### [Aim of the exercise]
The material below includes pictures; leave them out and return only the lines between the line containing "Little Cooper was" and the line containing "Side view of", inclusive, word for word.

### [Material provided]
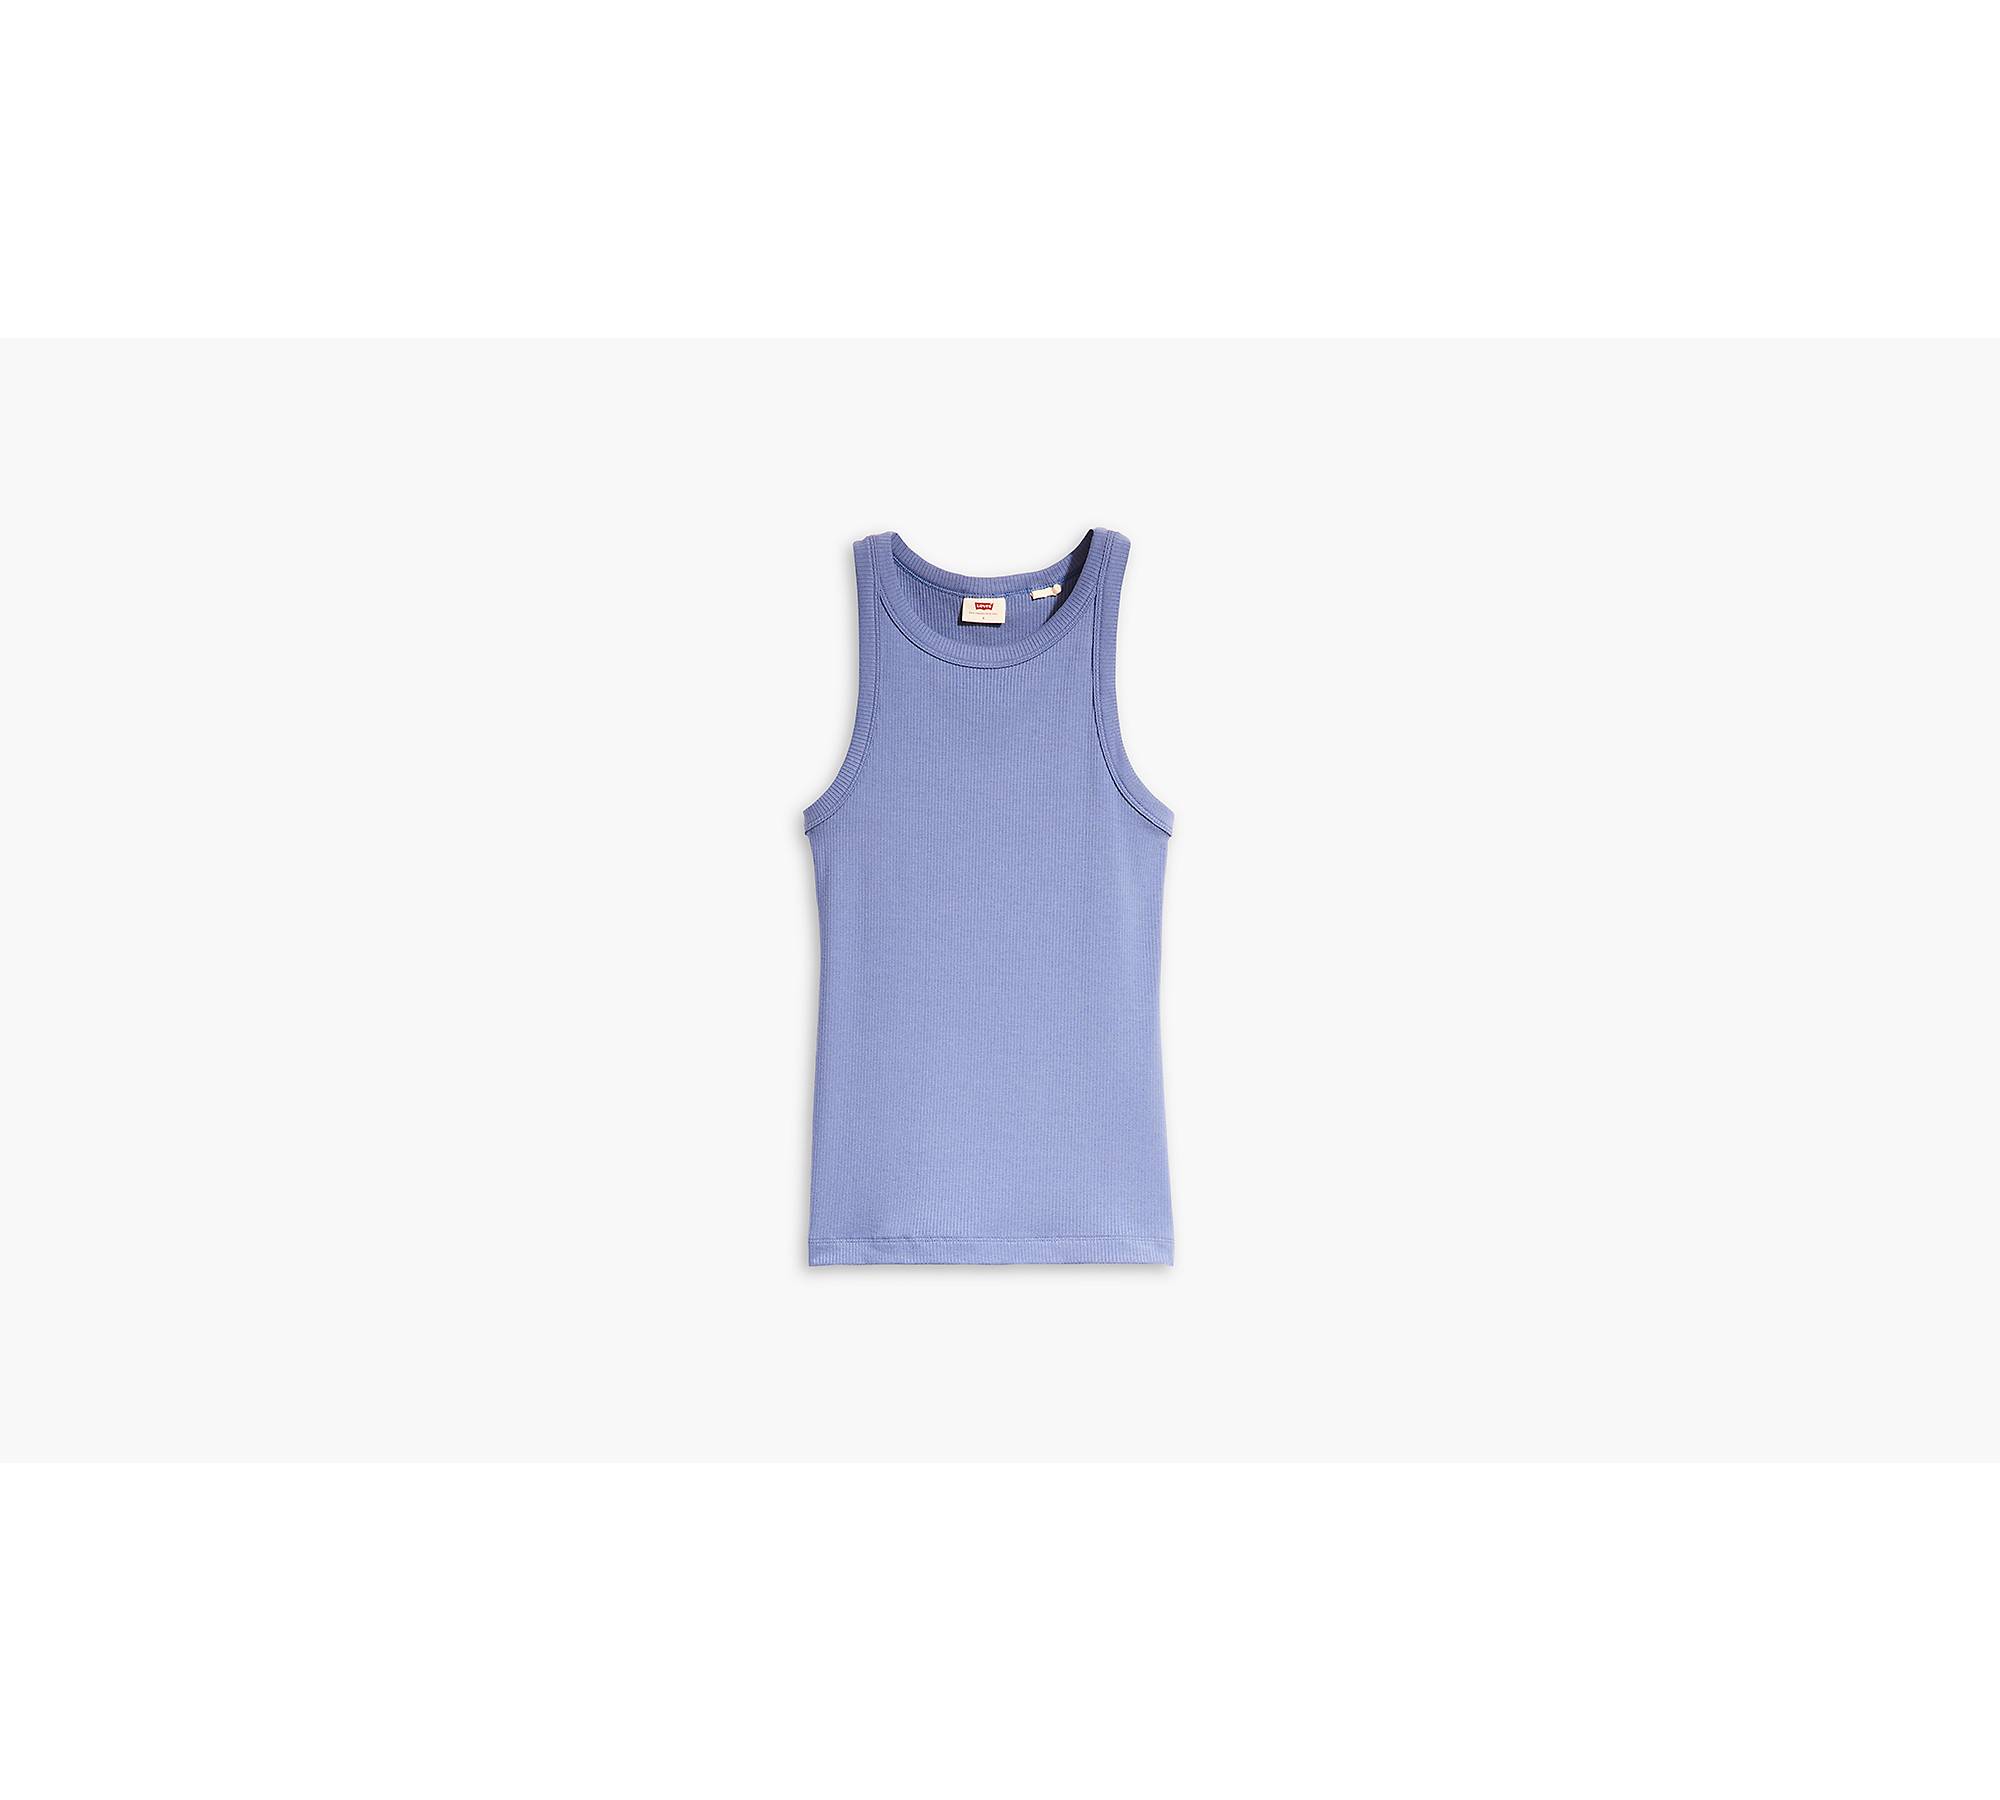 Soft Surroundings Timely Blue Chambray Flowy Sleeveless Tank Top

==

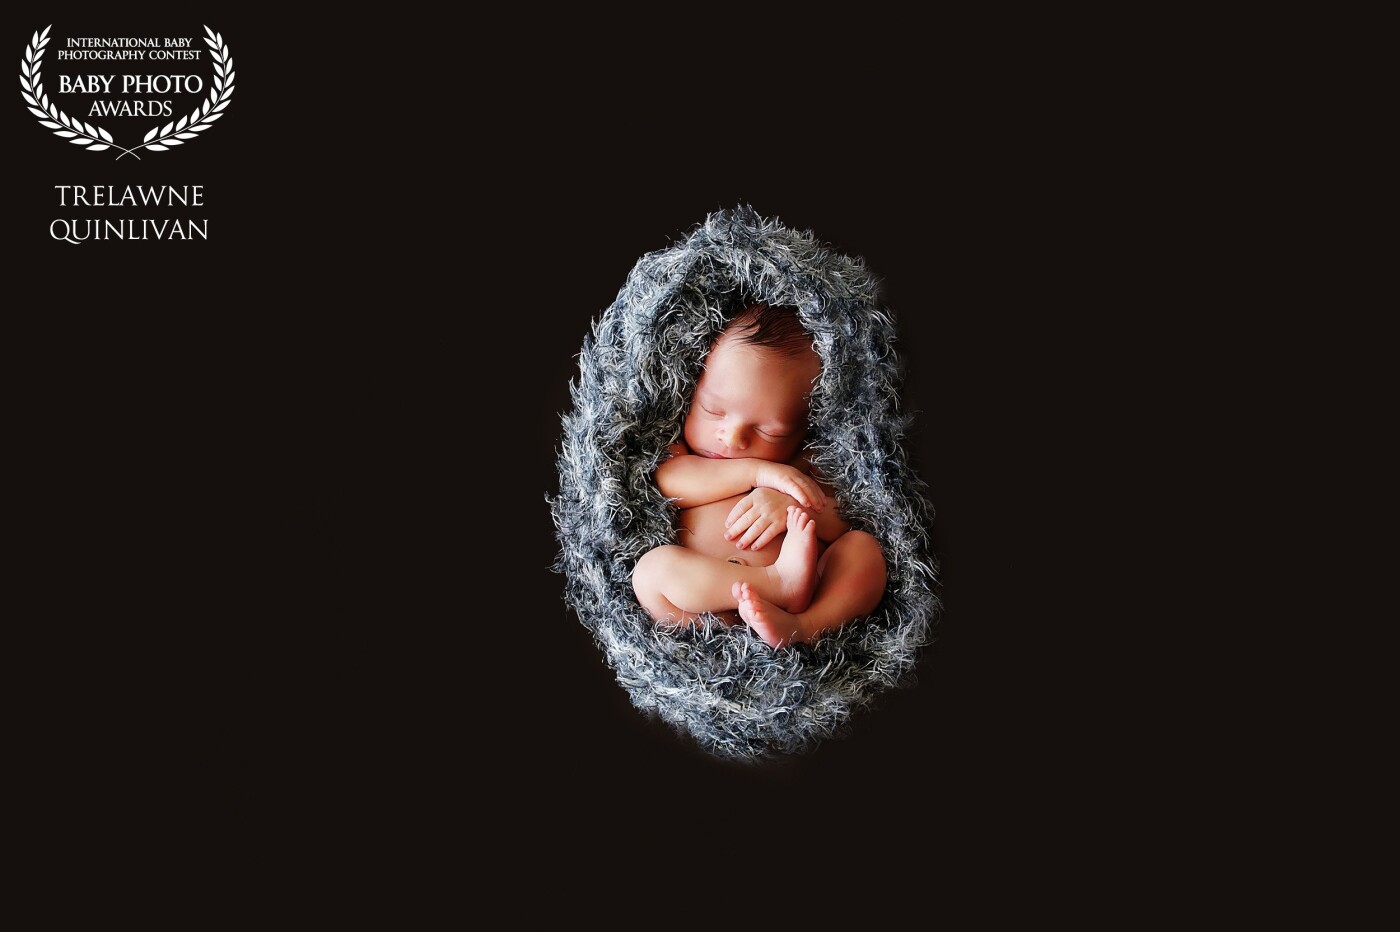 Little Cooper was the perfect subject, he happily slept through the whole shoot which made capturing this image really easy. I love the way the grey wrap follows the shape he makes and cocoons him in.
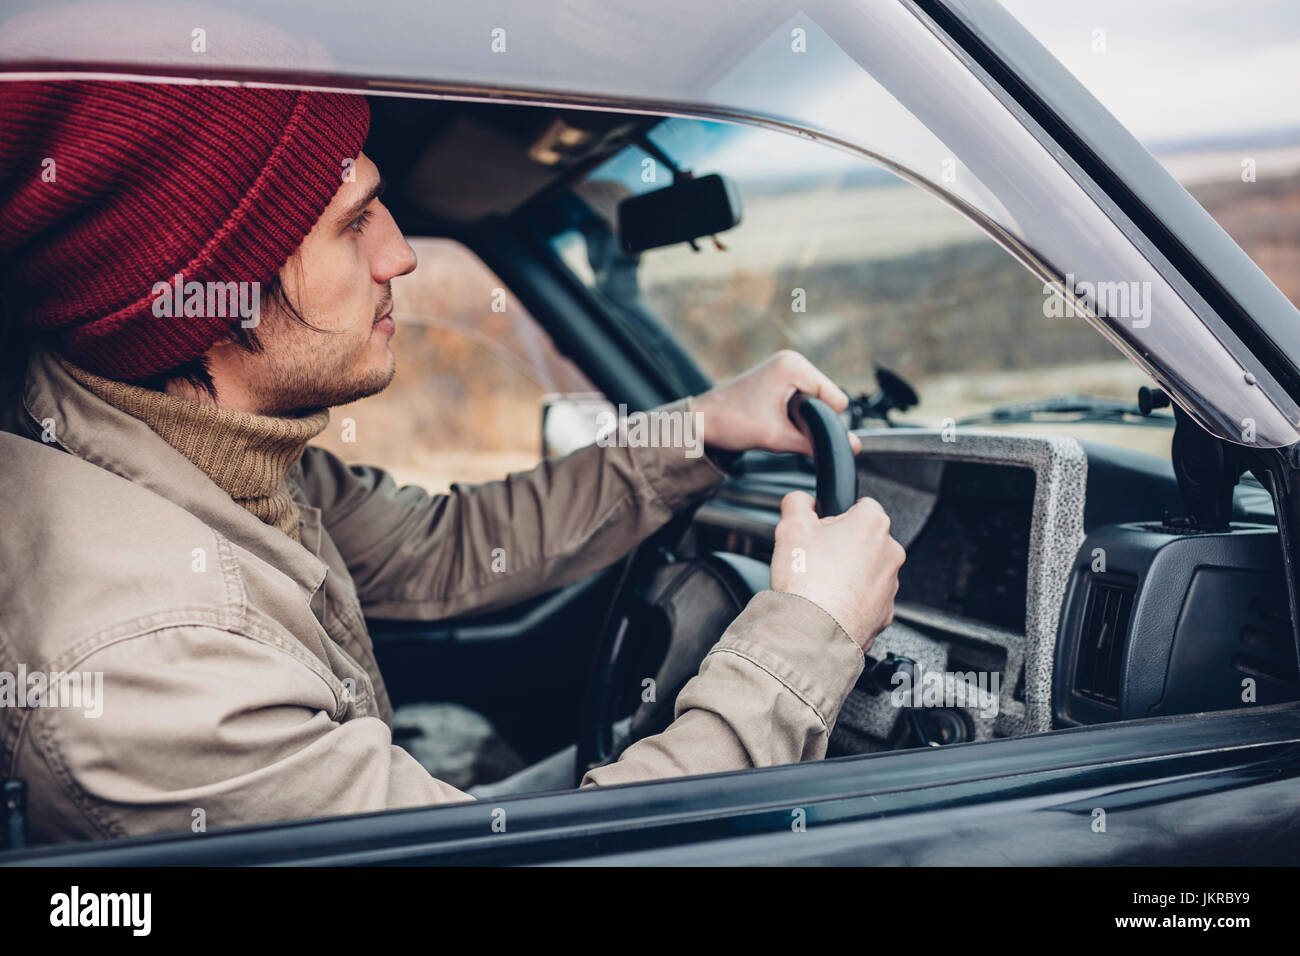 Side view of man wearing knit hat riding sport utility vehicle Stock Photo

### [Your solution]
 Little Cooper was the perfect subject, he happily slept through the whole shoot which made capturing this image really easy. I love the way the grey wrap follows the shape he makes and cocoons him in.
 Side view of man wearing knit hat riding sport utility vehicle Stock Photo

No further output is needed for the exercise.